June 16, 2026
Jailed PTI leaders urge ‘Charter of Pakistan’ instead of economy accord
Jailed PTI leaders have turned down Prime Minister Shehbaz Sharif’s call for a Charter of Economy, saying constitutional supremacy and political stability must come first. In a letter sent through their lawyer, they proposed a broader Charter of Pakistan instead.
June 16, 2026

ISLAMABAD: Senior Pakistan Tehreek-e-Insaf (PTI) leaders currently in jail have rejected Prime Minister Shehbaz Sharif’s proposal for a Charter of Economy, saying the country first needs a broader political and constitutional settlement which they described as a Charter of Pakistan.

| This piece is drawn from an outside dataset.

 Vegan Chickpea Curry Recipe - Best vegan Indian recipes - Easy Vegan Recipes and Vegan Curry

According to a letter sent through their lawyer Rana Mudassir, Shah Mahmood Qureshi, Dr Yasmin Rashid, Mian Mahmood-ur-Rashid, Ejaz Chaudhry and Omar Sarfraz Cheema said Pakistan required a framework centred on constitutional supremacy and political stability before any meaningful economic reform could succeed. Referring to the prime minister’s proposal, they said Pakistan undoubtedly needed a charter to overcome its current difficulties, but maintained that Pakistan needs a ‘Charter of Pakistan’ before it needs a Charter of Economy.
Prime Minister Shehbaz had renewed his call for both a Charter of Economy and a Charter of Democracy during his June 13 address to the National Assembly, urging opposition parties to rise above political disputes in the national interest. He said he had repeatedly invited his political opponents to work together on the two proposed charters and stressed that Pakistan remained the shared bond among all political forces despite differences in ideology and politics. He also said his government had no fight with PTI and described opposition members as our brothers, while emphasising the need for national unity over partisan division.

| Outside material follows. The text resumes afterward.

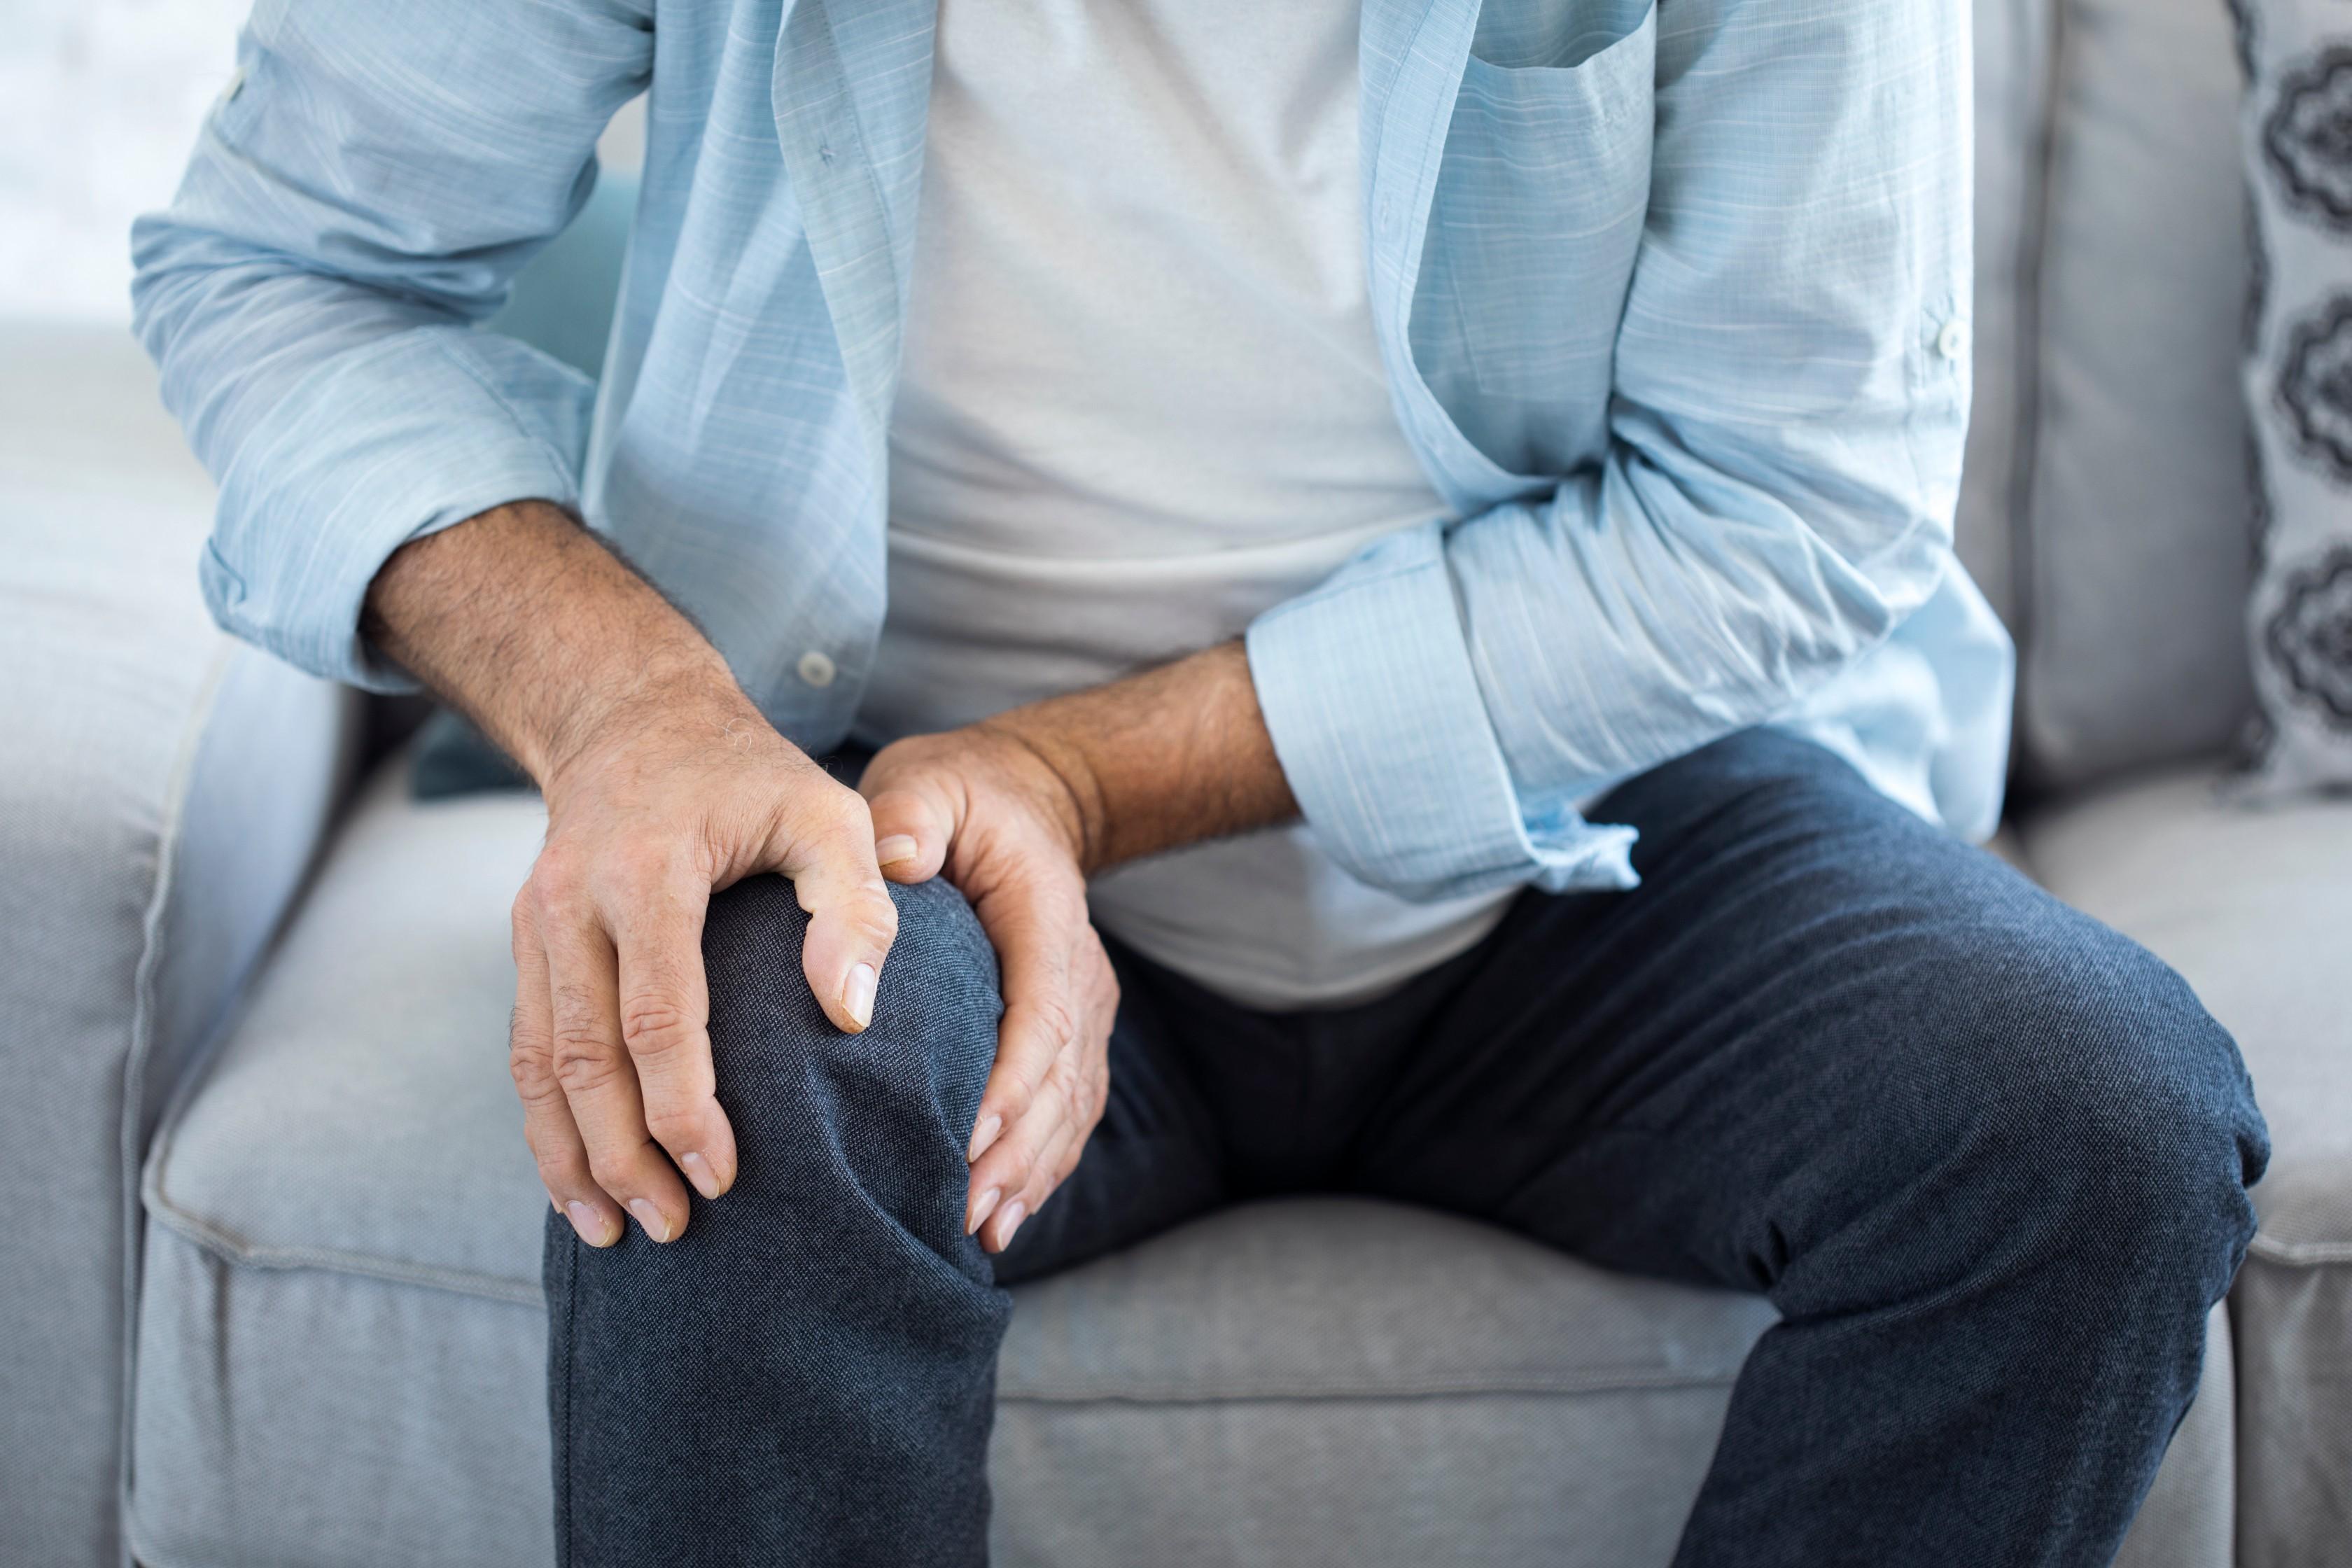 ahol kezelni kell az ízületi sérüléseket)

PTI leaders link economy to constitutional order
In their response, the jailed PTI leaders questioned whether an economy-focused agreement on its own could place the country on the right course when, in their view, constitutional supremacy existed only in books and both political and economic stability had become remote goals.
They argued that economic recovery could not be separated from the political environment and wrote that "Everyone is aware of the fact that economic stability cannot be achieved without political stability."

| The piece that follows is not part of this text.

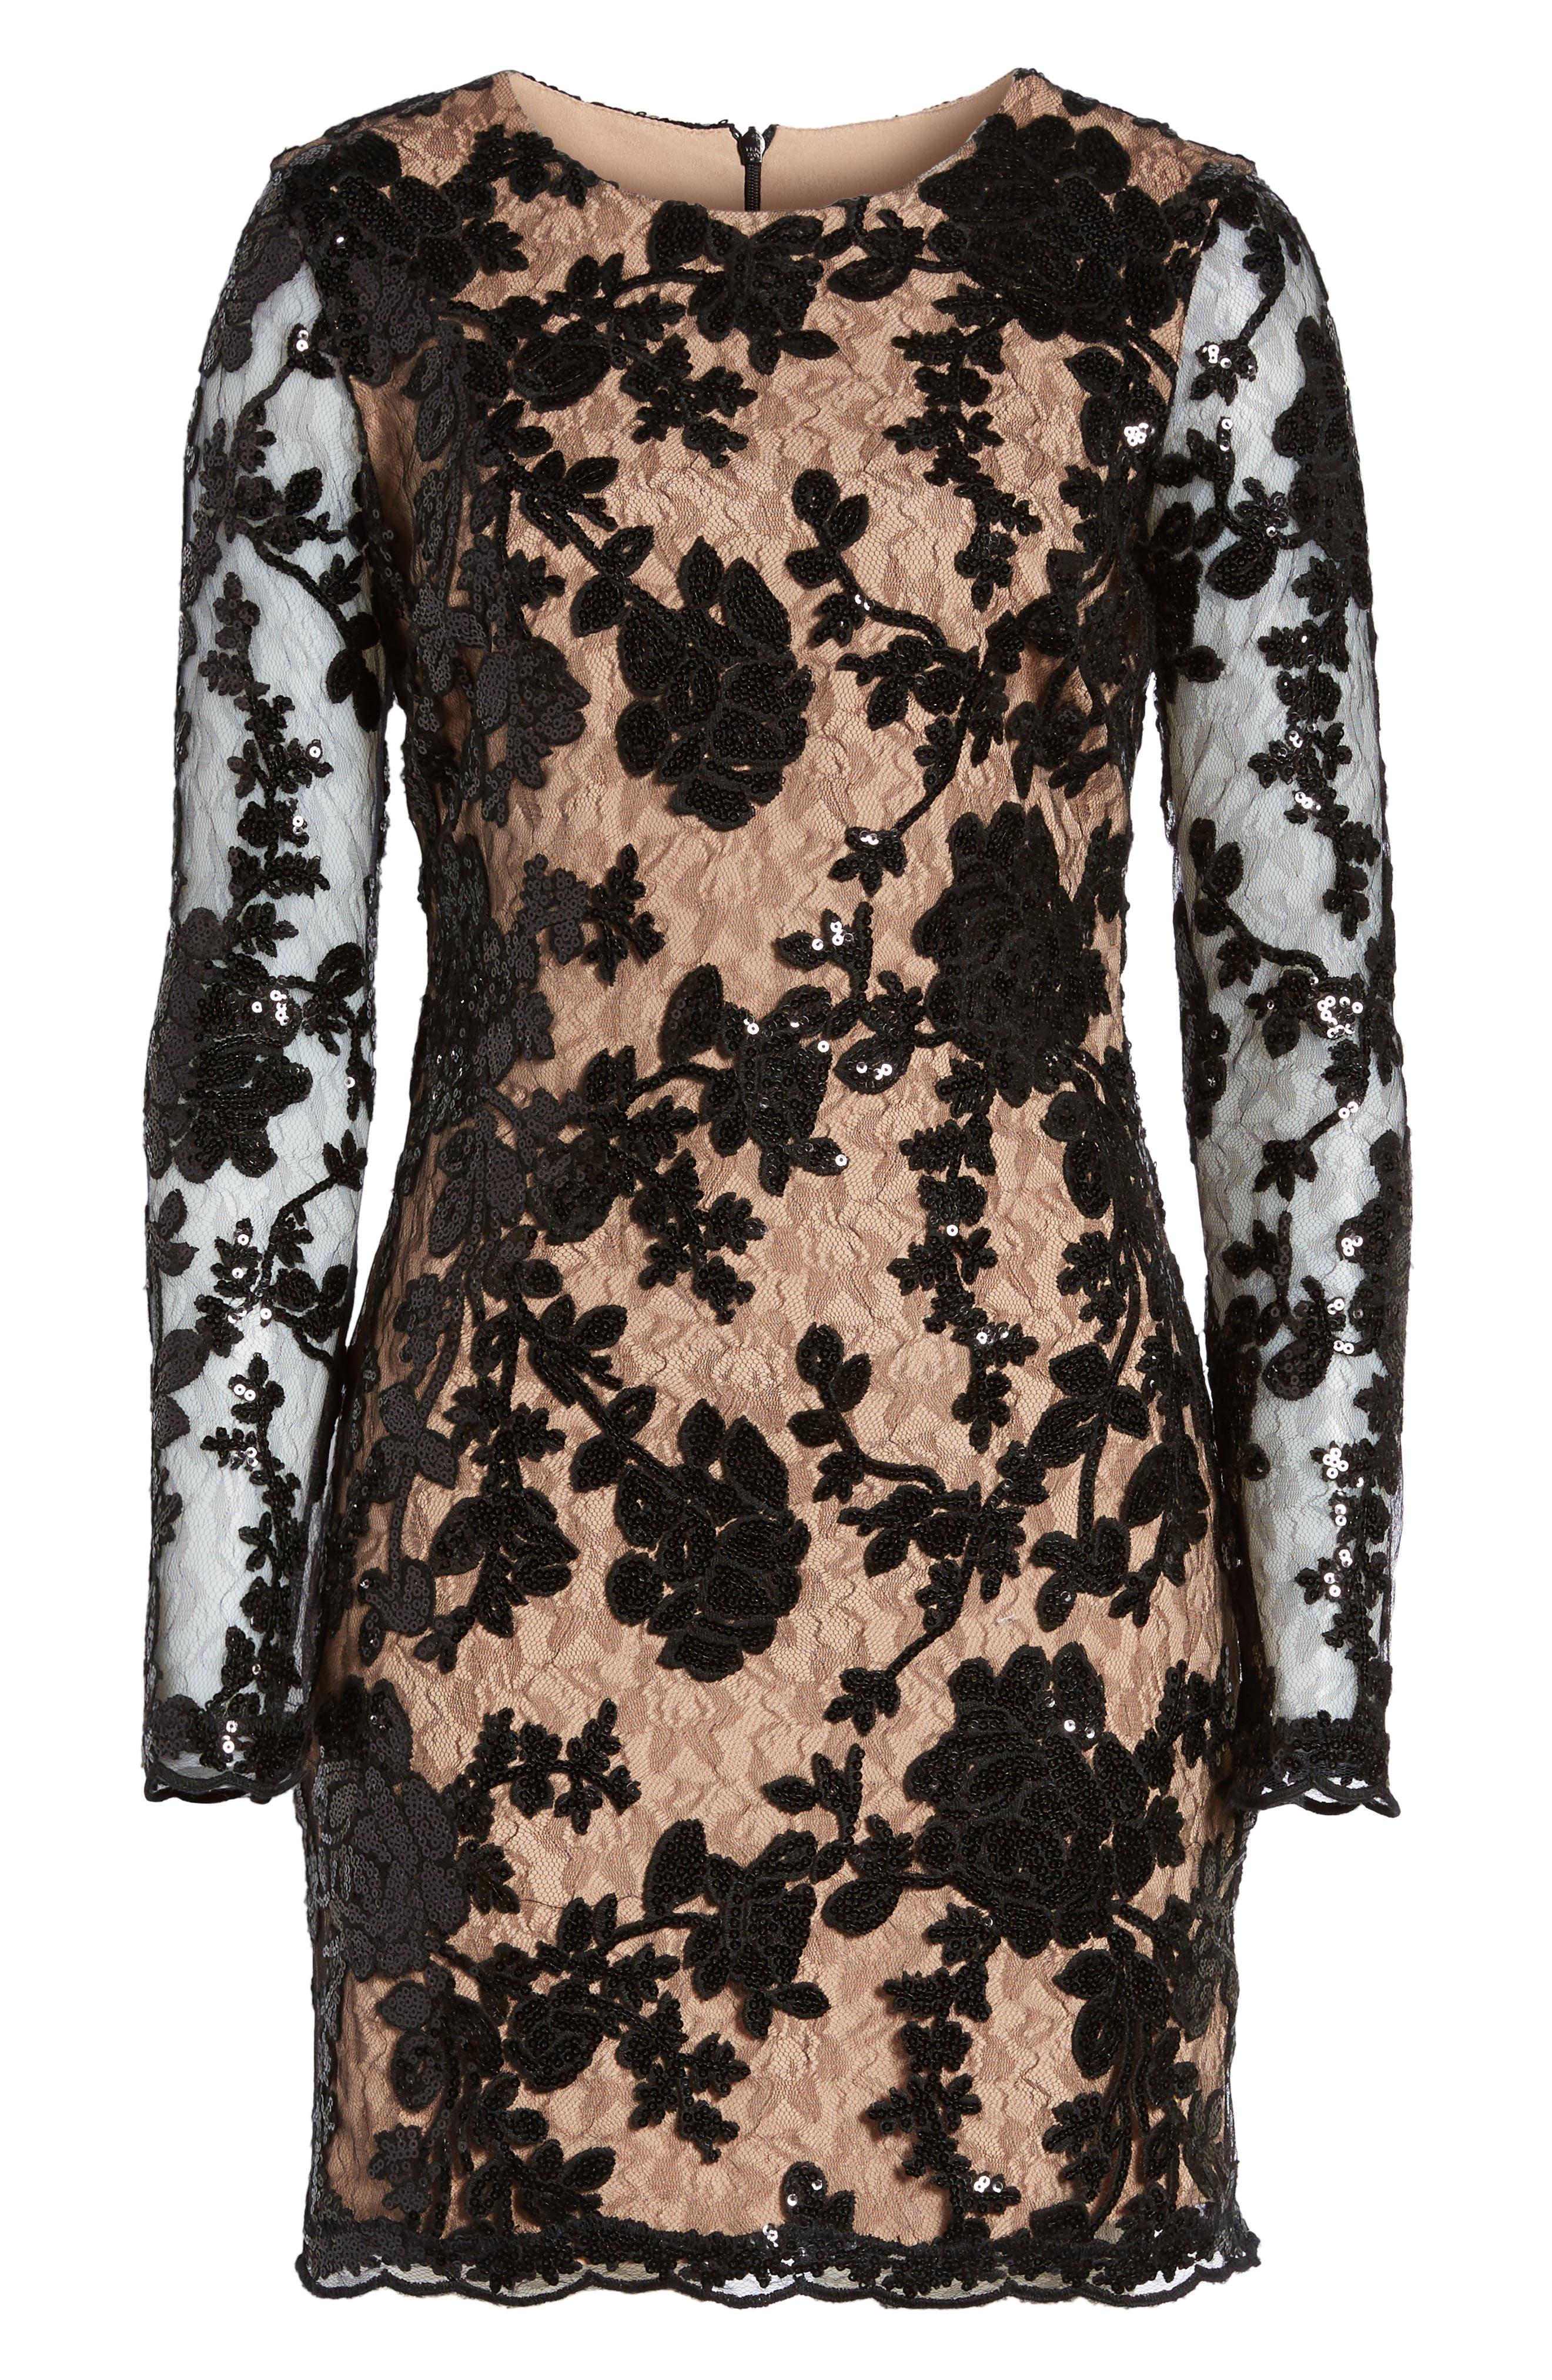 Grace A-Line Dress,                             Main thumbnail 1, color,                             Black/ Nude

The letter said investment and growth were only possible where the rule of law prevailed, political and economic stability existed, and the Constitution held supremacy.
"When the constitution carries no more weight than a piece of paper, what practical value can a Charter of Economy have?" it stated.
To underline their argument, they used an analogy, saying: "There is an old saying that if the water in a well is dirty, changing the bucket will not solve the problem; first, the source of the contamination must be removed."
They added that unless and until the root cause of the crisis was removed, no meaningful reform could succeed.
What PTI says the proposed charter should include
The leaders said a Charter of Pakistan should secure agreement among all political parties, state institutions and centres of power on the complete supremacy of the Constitution. They said such an arrangement should ensure constitutional supremacy, guarantee that the people’s vote and mandate are respected, end political engineering, keep institutions within their constitutional limits, provide across-the-board accountability, and protect implementation of the National Action Plan and core economic policies from disruption.
The letter further argued that countries which later achieved strong economic outcomes first settled their political rules of the game. In that context, the PTI leaders maintained that political stability gives birth to economic stability, not the other way around.
In the concluding part of the letter, they said that if the prime minister was genuinely serious about confronting the country’s challenges, he should, instead of issuing yet another political statement, lay the foundation for a national dialogue on a Charter of Pakistan.